BEGIN Provided material
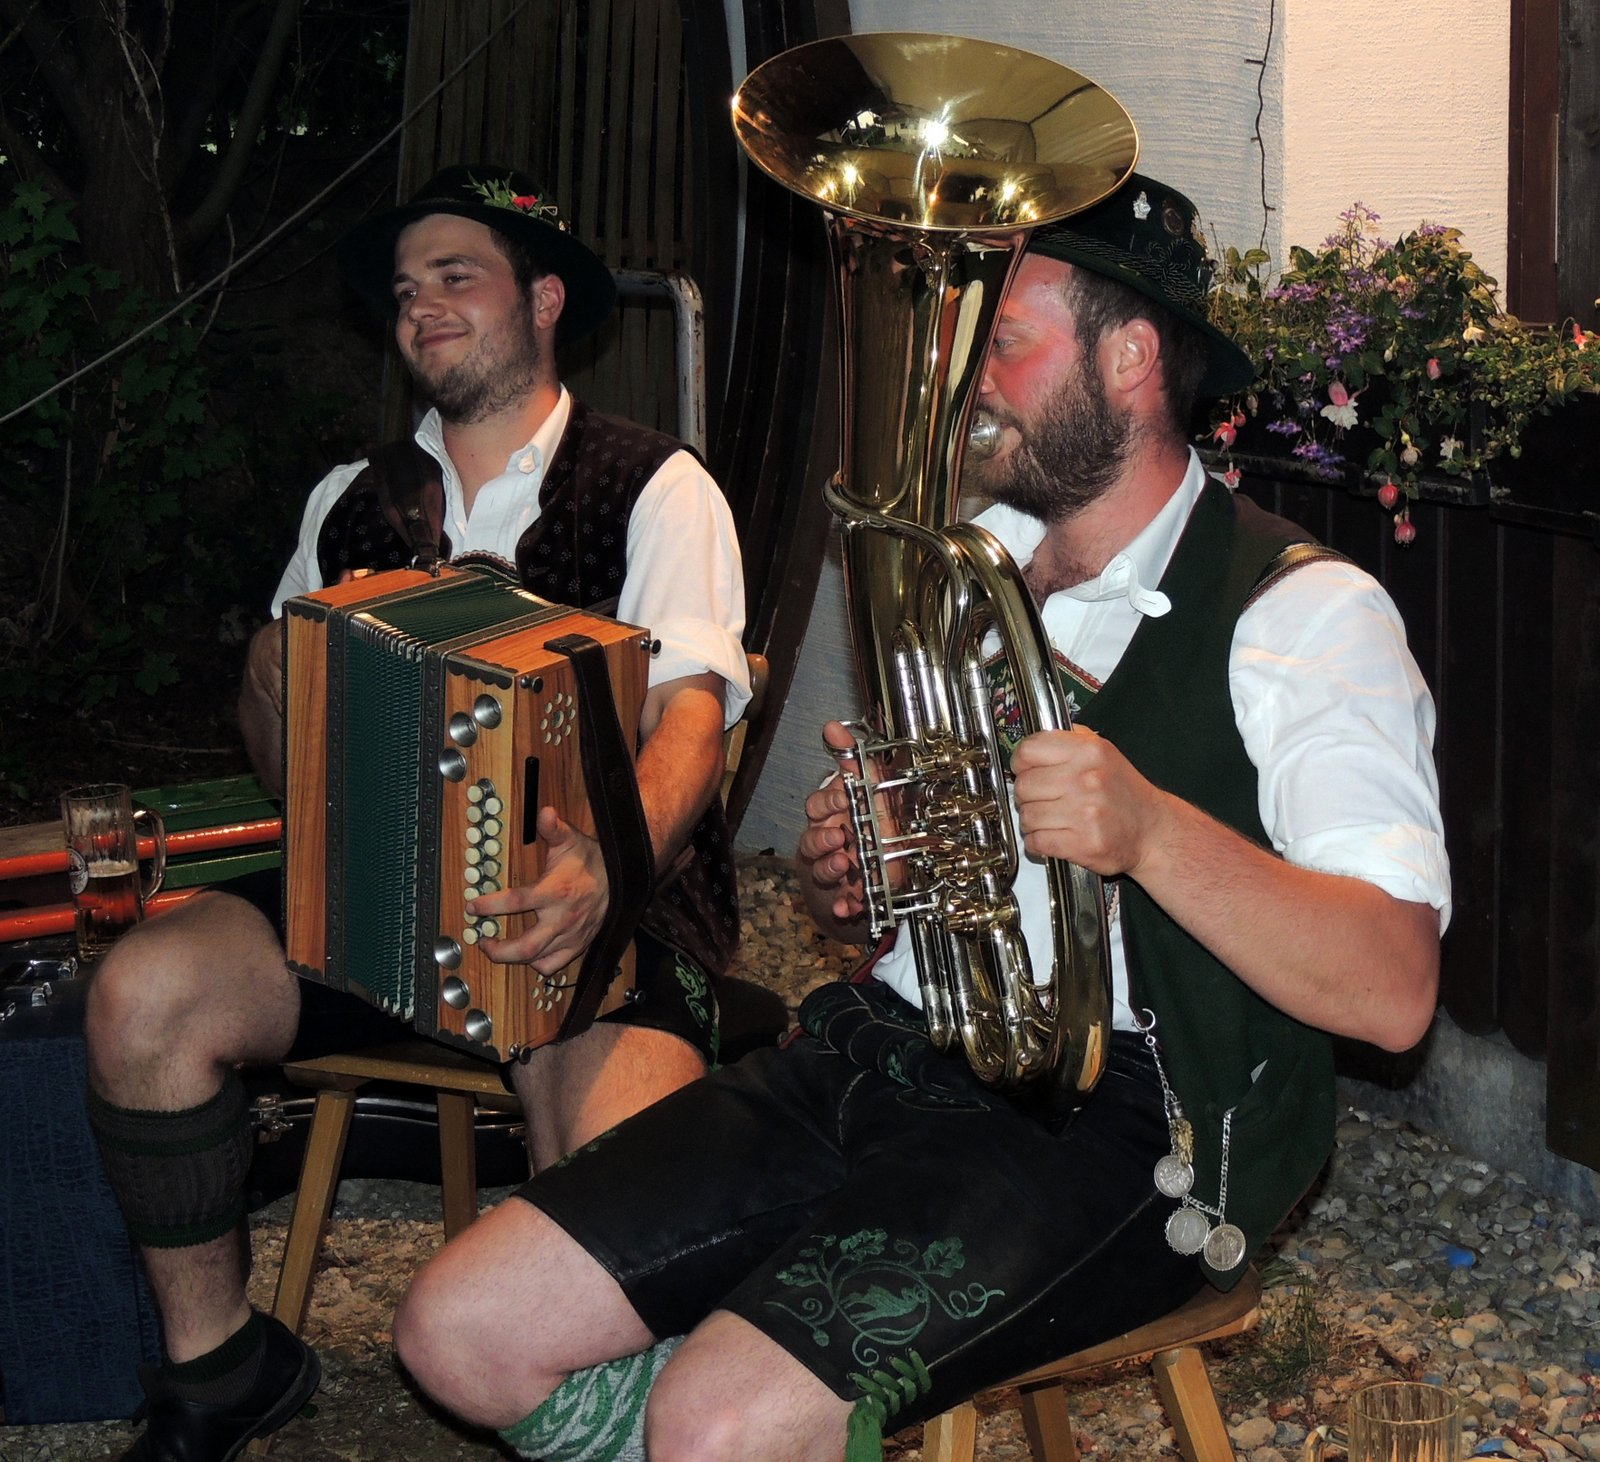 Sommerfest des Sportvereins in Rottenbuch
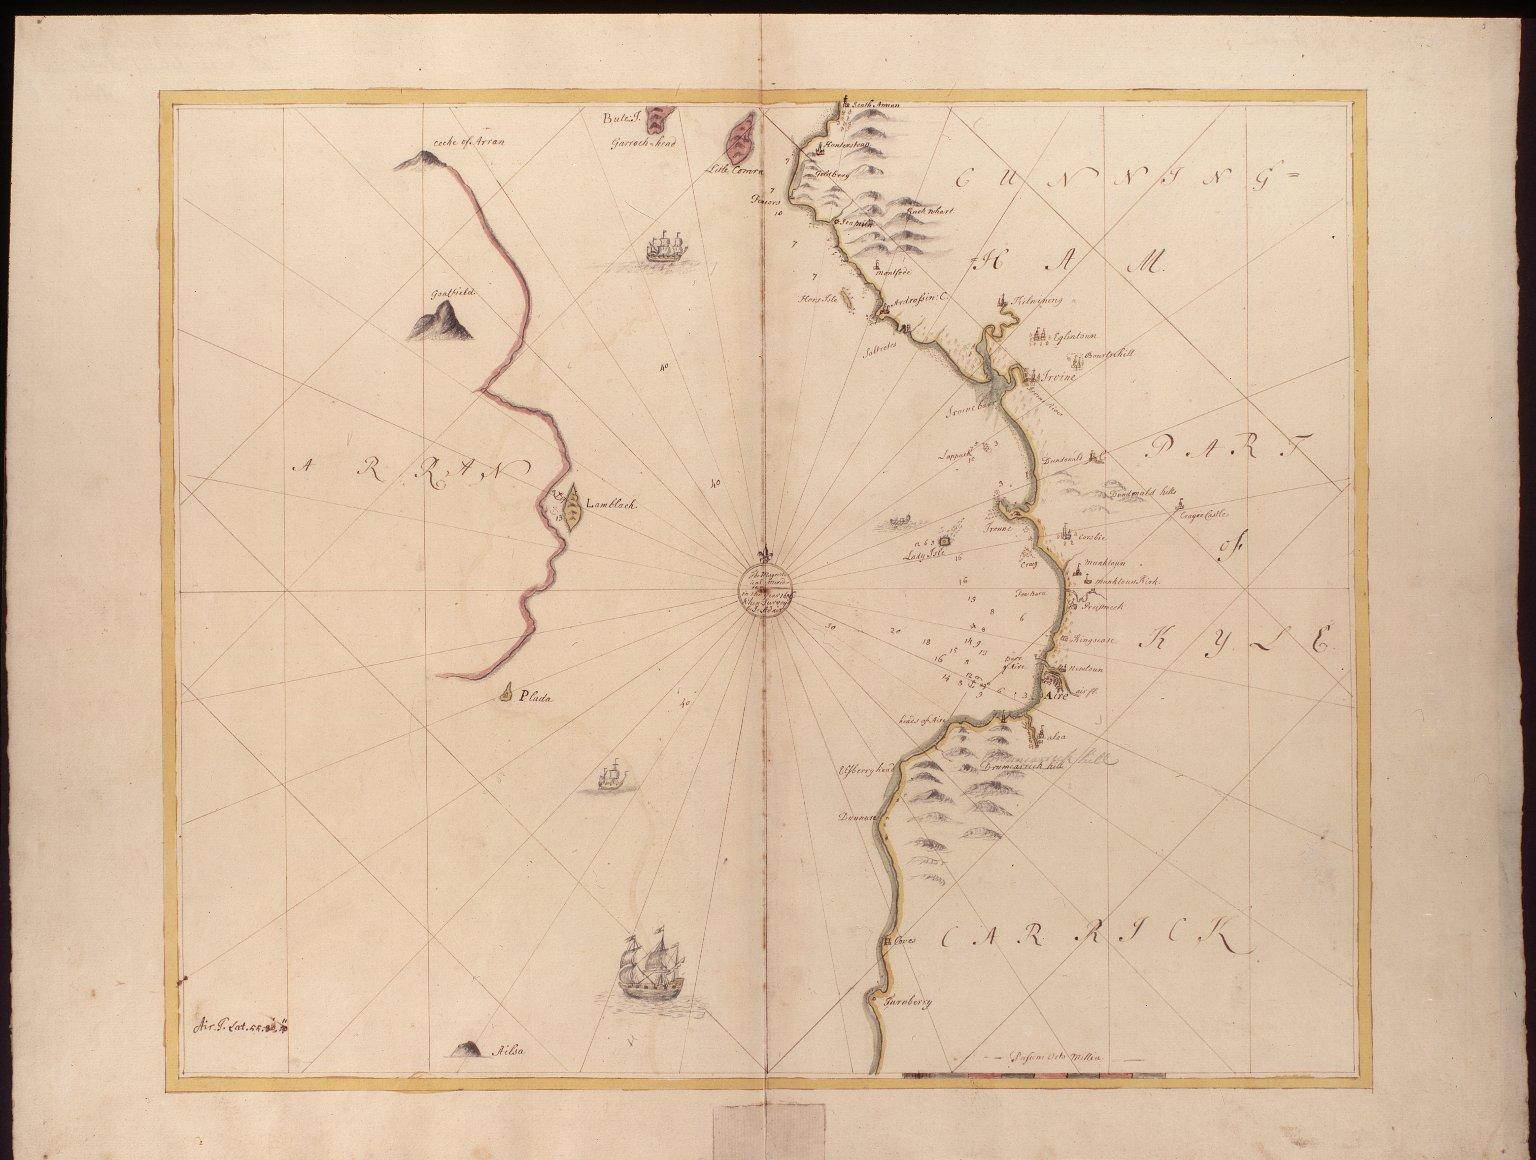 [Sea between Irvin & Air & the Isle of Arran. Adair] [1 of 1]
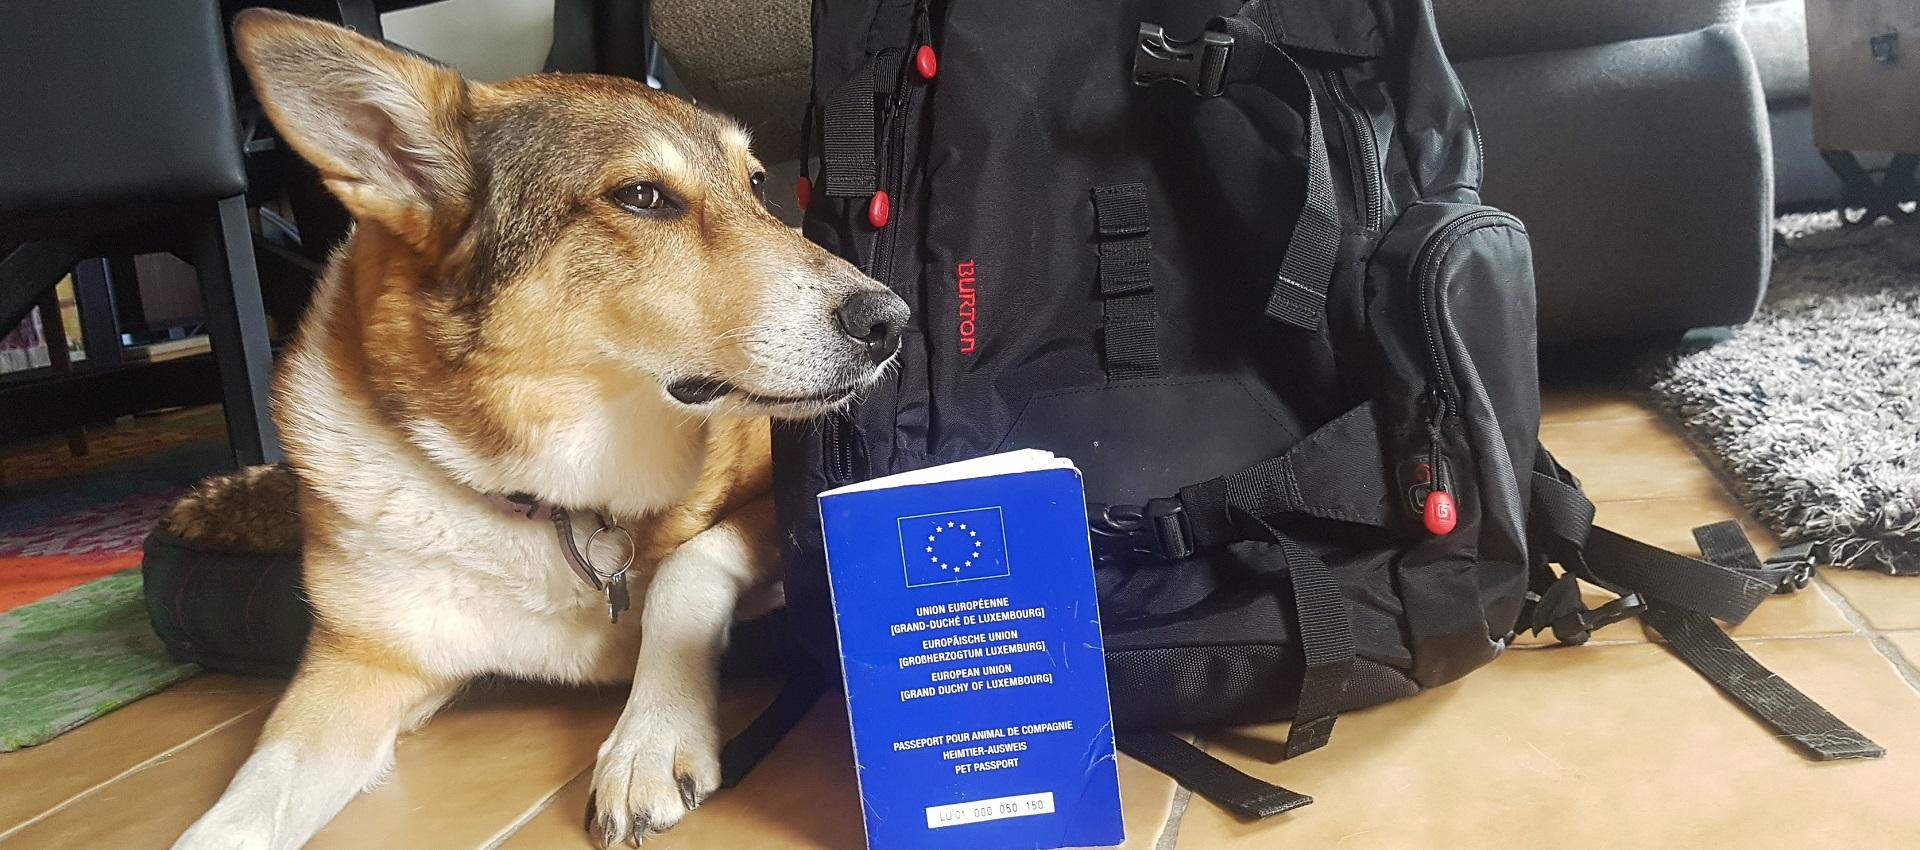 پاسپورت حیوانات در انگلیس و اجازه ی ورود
END Provided material
Activity:
A word-for-word repeat is expected of the lines from the one with "[Sea between Irvin" to the end of the data, both included; pictures are not part of it.

The completed task:
 [Sea between Irvin & Air & the Isle of Arran. Adair] [1 of 1]
 پاسپورت حیوانات در انگلیس و اجازه ی ورود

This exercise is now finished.